最後に、飛行時間の見積もりは、よい条件ではなく悪めの条件で組んでおくことが大切です。風が弱く、現場が空いていて、1回もやり直しがないという理想条件で段取りを組むと、少しのズレで全体が崩れます。逆に、多少の条件悪化や確認作業を織り込んだ計画であれば、現場は安定します。ドローン測量では、飛行時間を延ばすより、失敗しにくい運用をつくるほうが、実務成果につながりやすいのです。
まとめ
ドローン測量の飛行時間が足りるかどうかは、機体の表示上の数字だけでは判断できません。平坦な小規模現場なら1回の飛行で収まることもありますが、中規模の造成地、線状現場、高低差の大きい法面、土量管理を伴う広めの現場では、複数回飛行を前提に考えるほうが現実的です。特に実務では、飛行時間そのものよりも、必要な成果物を安全に取り切れるか、再飛行を減らせるか、地上作業とどう分担するかが重要になります。
つまり、ドローン測量で大切なのは「何分飛べる機体か」ではなく、「その現場に対して、何回で、どの範囲を、どの品質で押さえる設計ができるか」です。飛行時間に不安がある場合は、現場を細かく分けて見積もること、余裕のあるバッテリー計画にすること、撮影後の確認を現場で行うこと、この3つだけでも失敗は大きく減らせます。

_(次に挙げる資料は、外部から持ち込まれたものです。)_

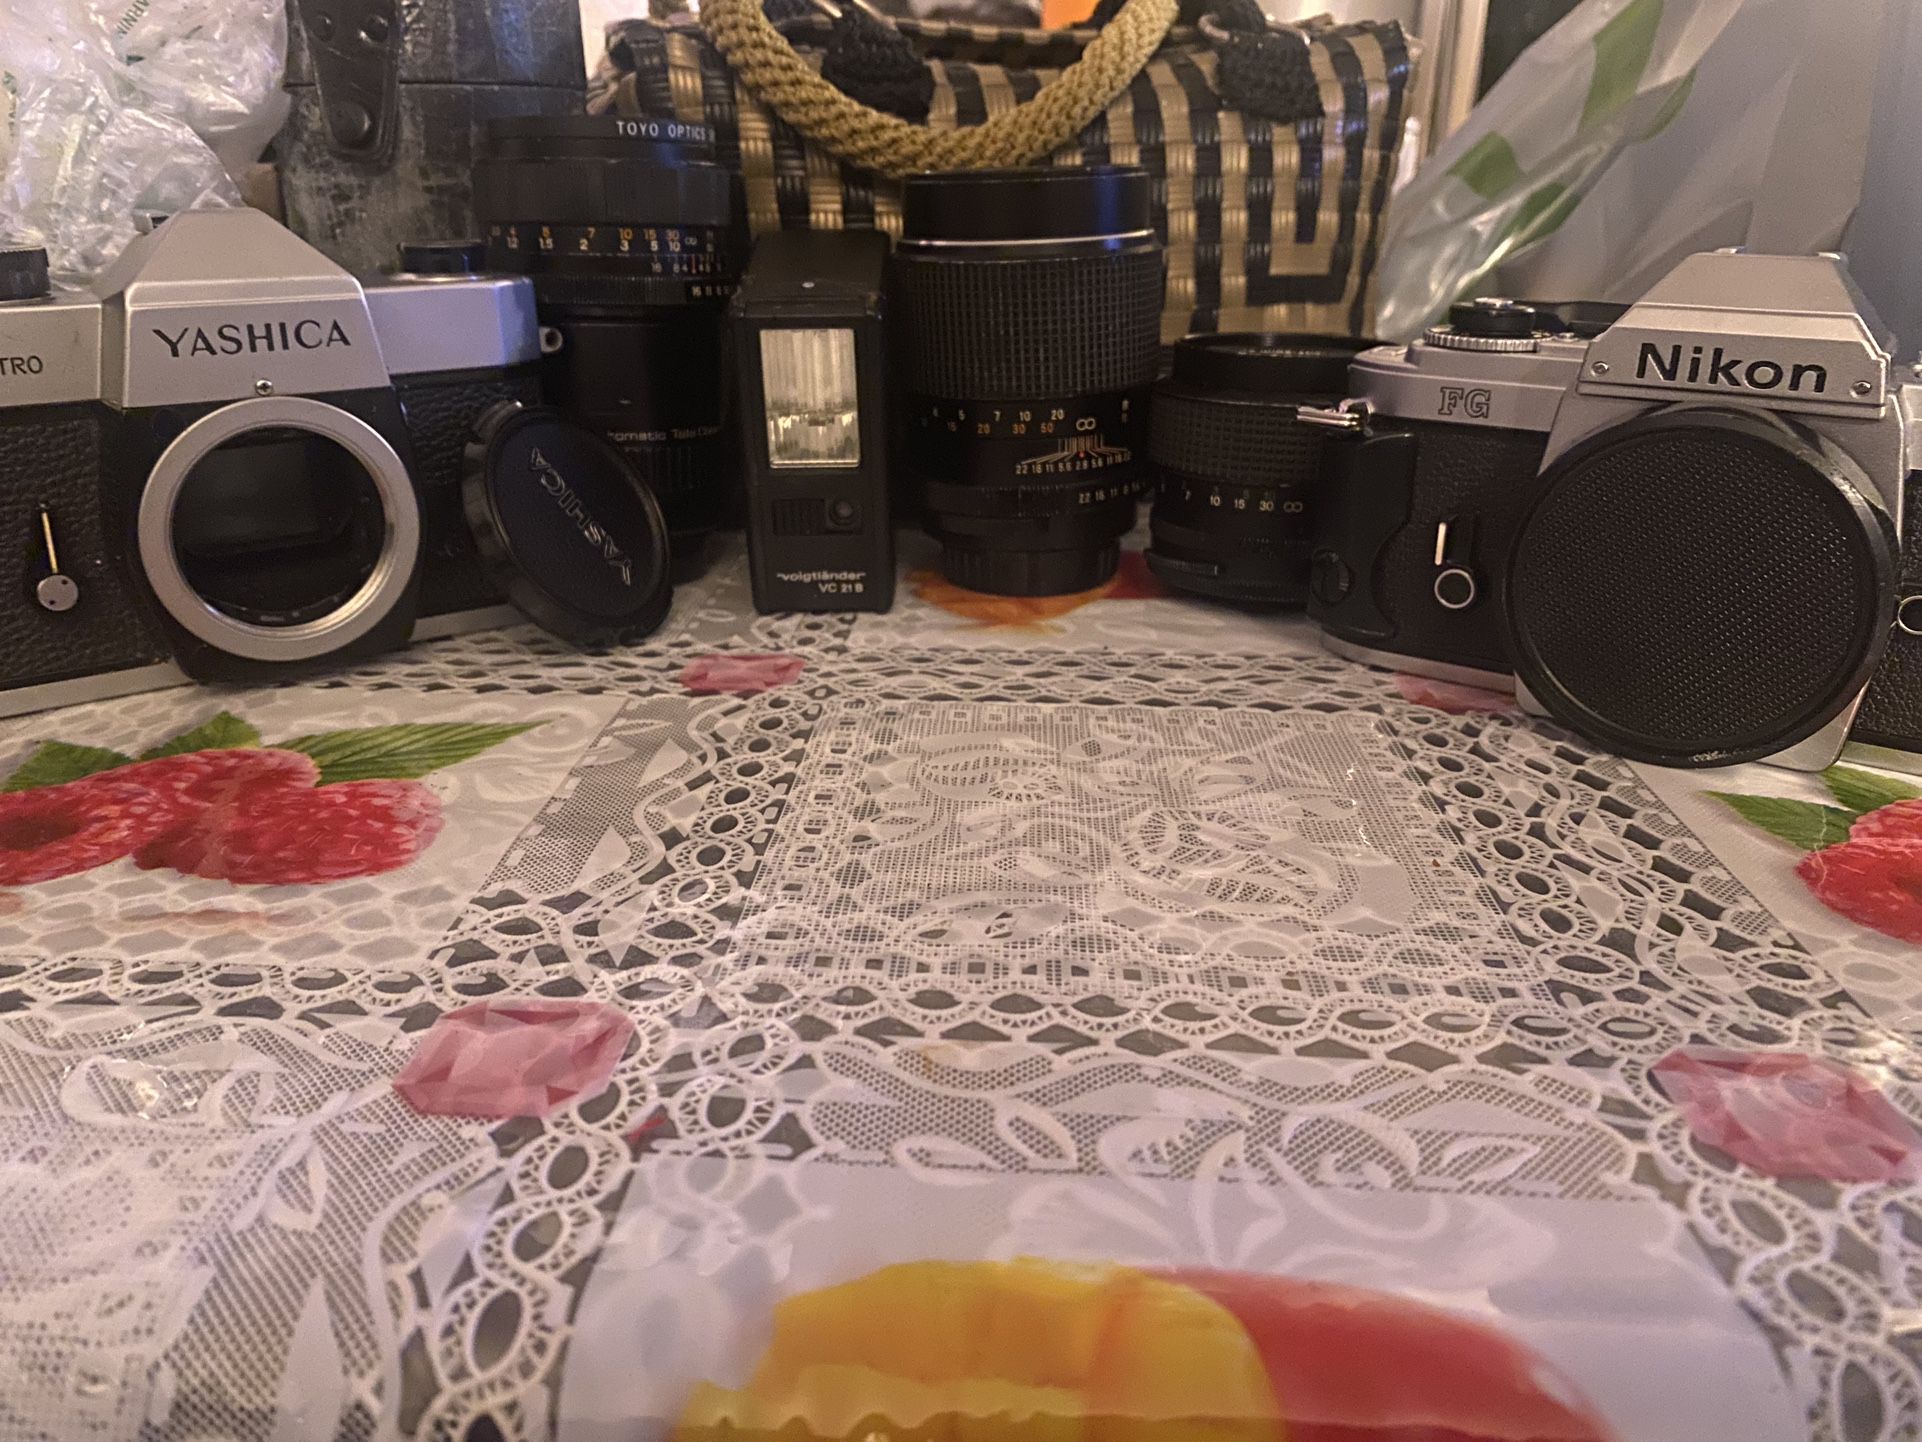 Camera Pack Nikon/yashlca

そして、実務でさらに効率を高めるなら、空からの取得と地上での補完をうまく組み合わせる発想が有効です。ドローンで広く素早く全体を押さえつつ、細部や補足点、高さ確認を地上で確実に取れるようにしておくと、飛行時間に余裕が生まれ、成果物の安定性も上がります。たとえば、LRTKのようなiPhone装着型GNSS高精度測位デバイスを併用すれば、現場で必要な点を機動的に押さえやすくなり、ドローン測量の弱点を補いやすくなります。飛行時間だけで悩むのではなく、現場全体の測り方を最適化する視点で考えることが、実務では最も効果的です。